|
|
|
|
|
by blueboo
911 days ago
|
|
This is interesting. I went off and searched for paragraph vector code and indeed find doc2vec stuff, including tutorials referring to the paper such as https://radimrehurek.com/gensim/auto_examples/howtos/run_doc.... It’s not obvious that the results aren’t reproducible (and I realise code is not the same as published results), but I wonder if you could steer us more specifically. |
|
A thread where Mikolov is trying to help other with his patch to `word2vec.c` demoing a tiny bit of 'Paragraph Vector' – but reaches the limits of what he understands Le to have done – is: https://groups.google.com/g/word2vec-toolkit/c/Q49FIrNOQRo/m...
My own frustration (& reco to avoid the thin stanfordSentimentTreebank/RottenTomatoes data/results) is mentioned at: https://groups.google.com/g/word2vec-toolkit/c/ubFrO0a9Pe8/m...
I'd say that "concatenating PV-DBOW and (plain averaging) PV-DM" never seems to offer much lift compared the favorable way it's described in the paper and other Le comments.
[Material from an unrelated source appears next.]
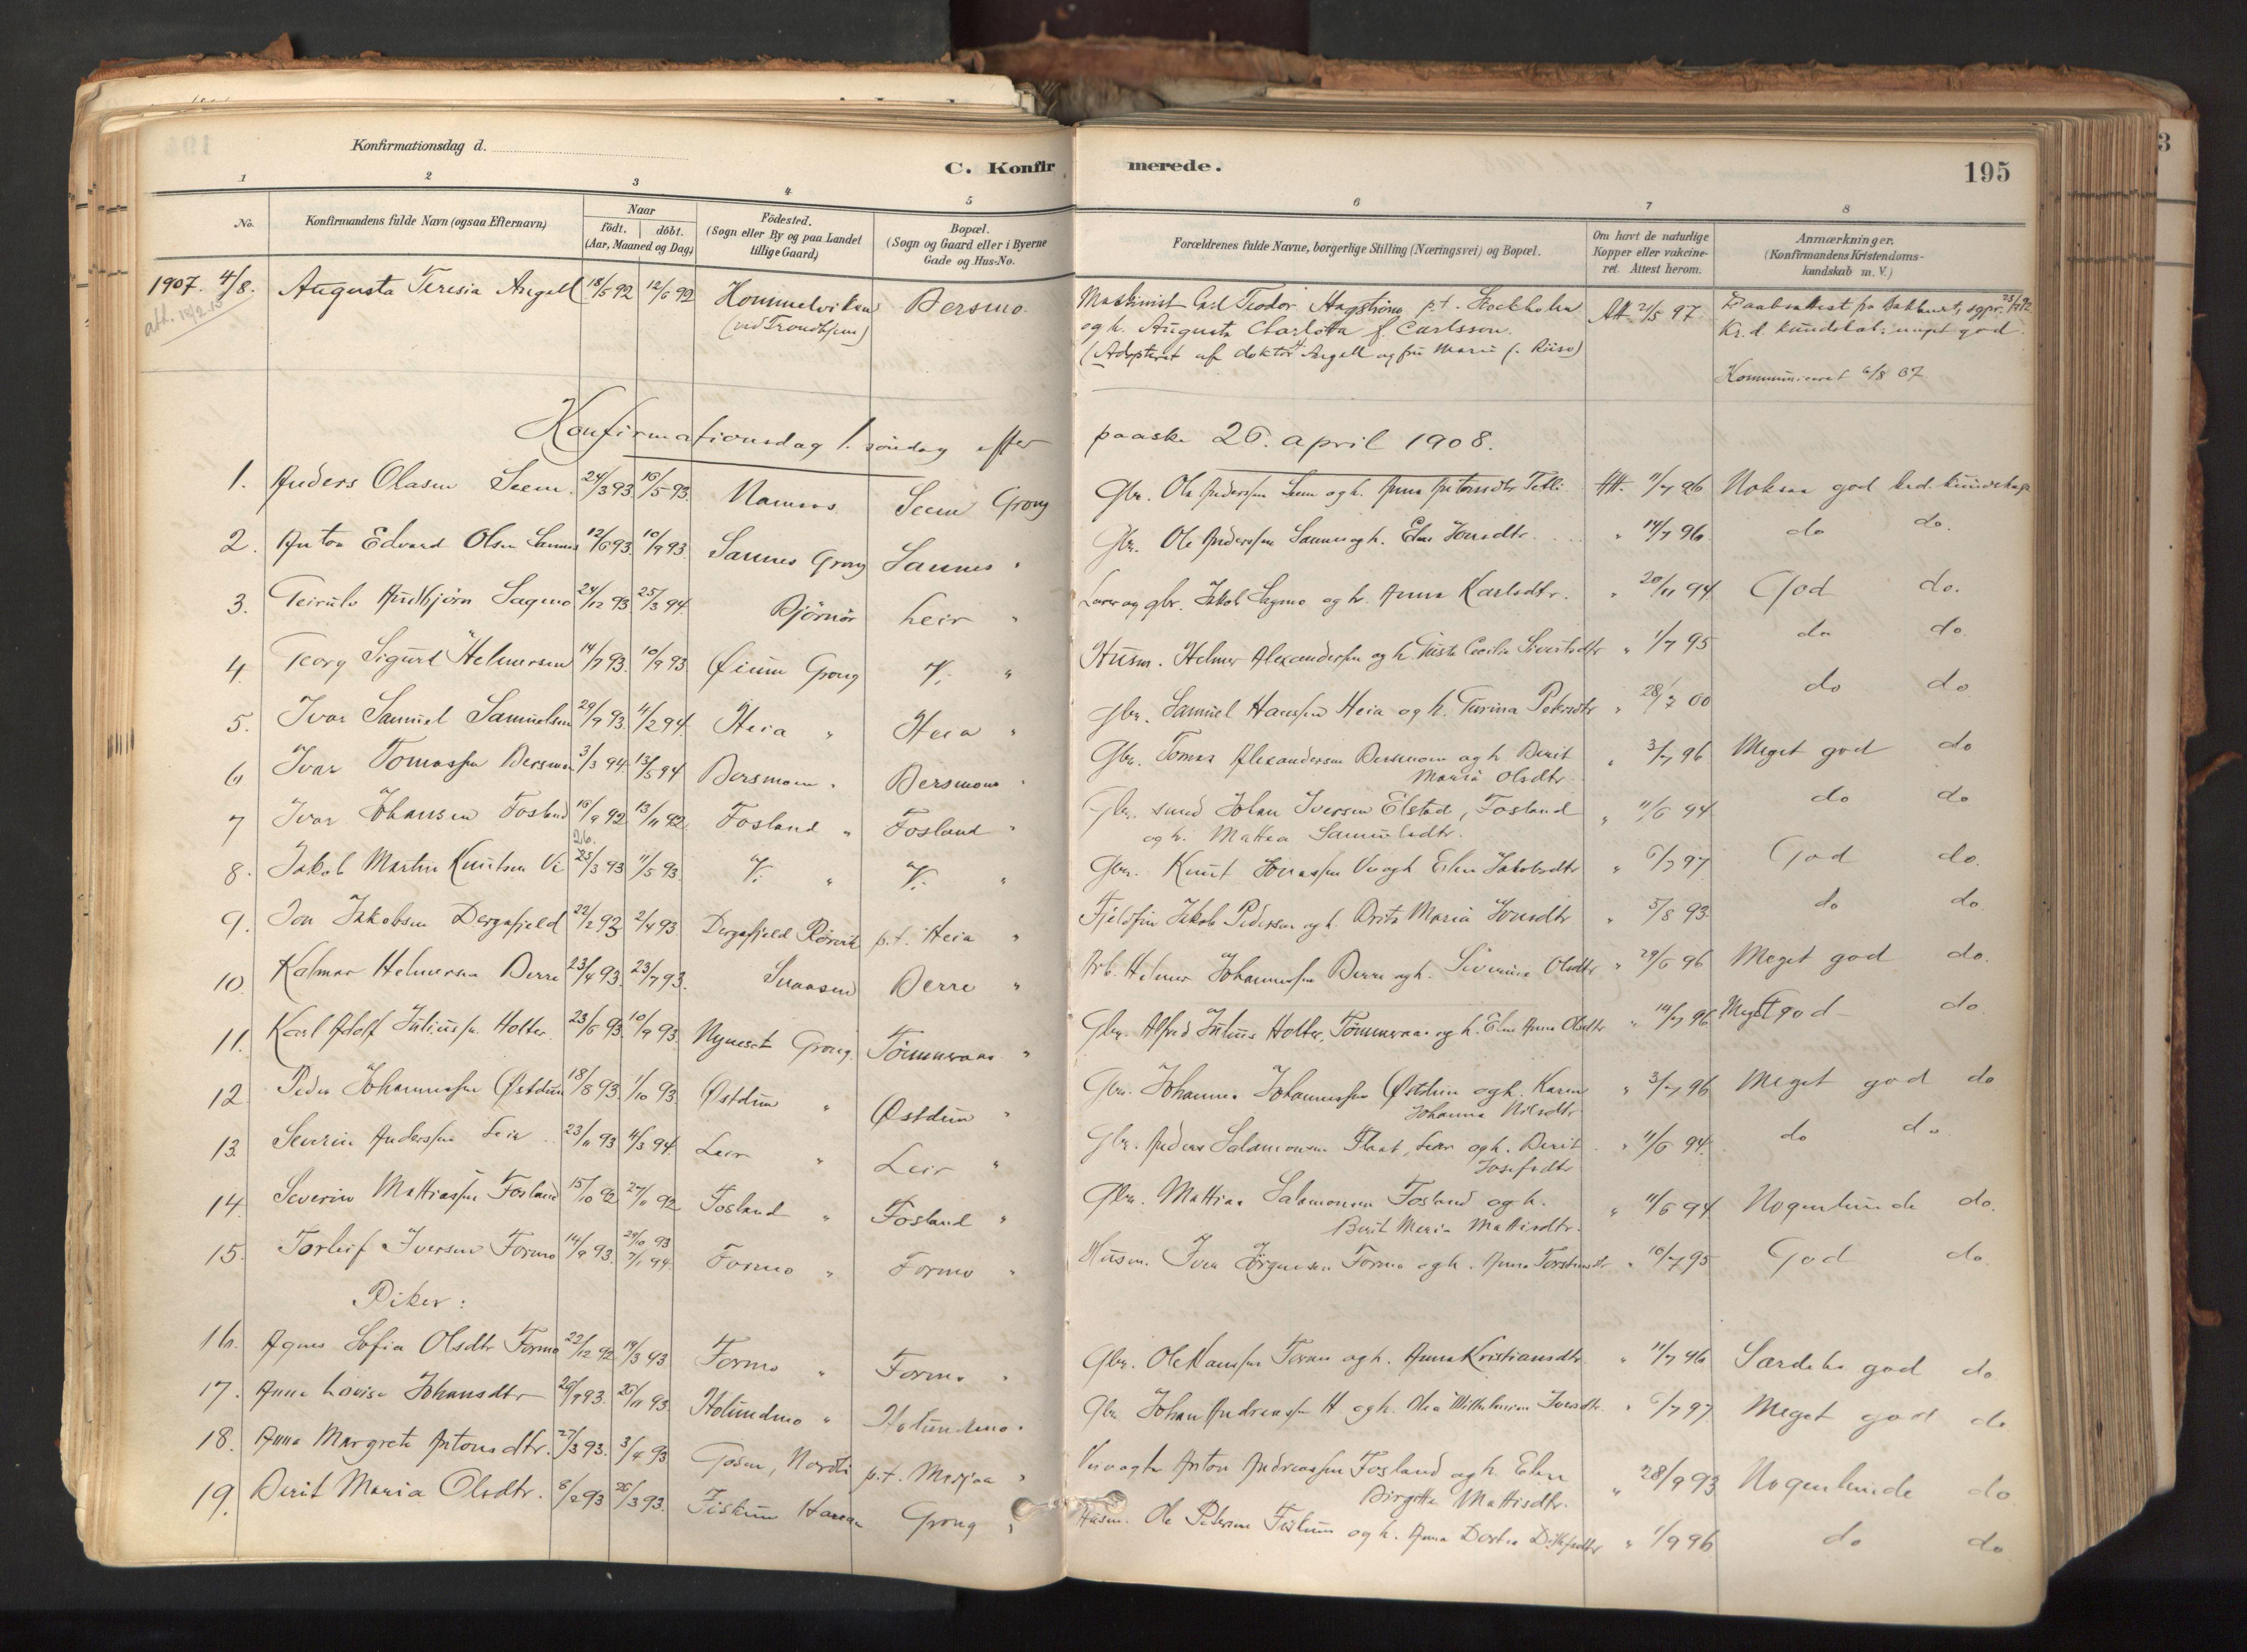 SAT, Ministerialprotokoller, klokkerbøker og fødselsregistre - Nord-Trøndelag, 758/L0519: Ministerialbok nr. 758A04, 1880-1926, s. 195

And after spending a bunch of time implementing the "PV-DM with concatenation (rather than sum/average) of many word-vectors as the context", as I interpret the paper's description "To predict the 8-th word, we concatenate the paragraph vectors and 7 word vectors", I've only seen it massively increase model size & training time for very little advantage.
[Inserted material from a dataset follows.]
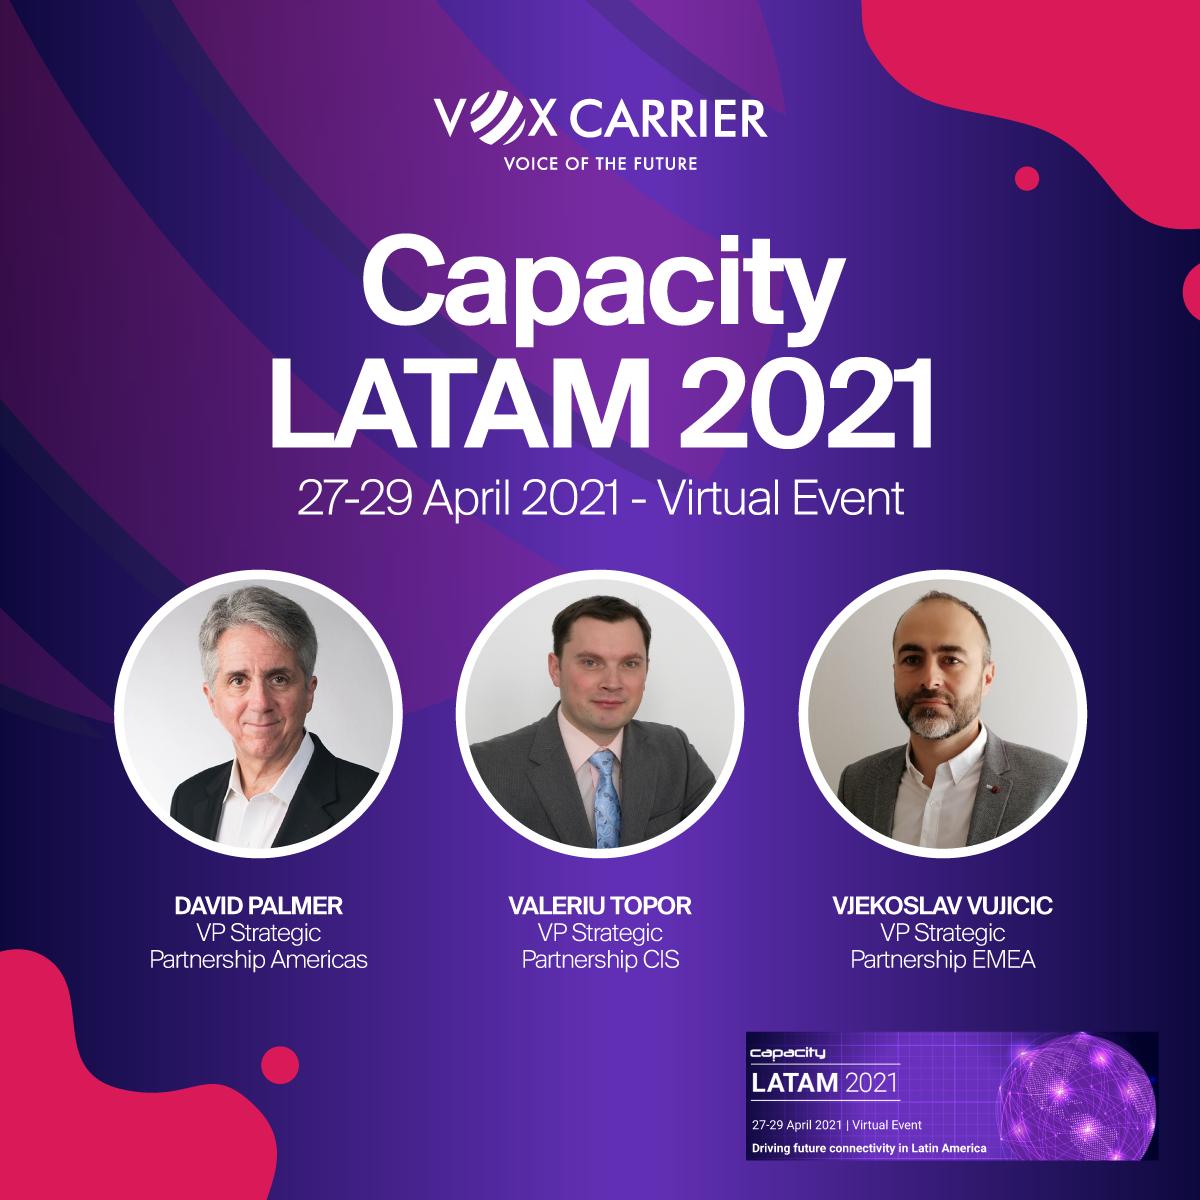 Capacity LATAM 2021 event

Reddit searches on related topics turn up other anecdotes/resentments; eg:
https://www.reddit.com/r/MachineLearning/comments/18jzxpf/co...
https://www.reddit.com/r/MachineLearning/comments/hkiyir/com...
At a certain level, with so much "gold in them thar hills" in followup work – from both academic & commercial perspectives, I don't blame Le for rushing forward to other related fertile ideas, & ignoring the requests-for-explanation.
But there's something sloppy or fishy (hiding secret tweaks?) in the originally-claimed PV results, which has wasted a lot of time among those trying to understand & reproduce.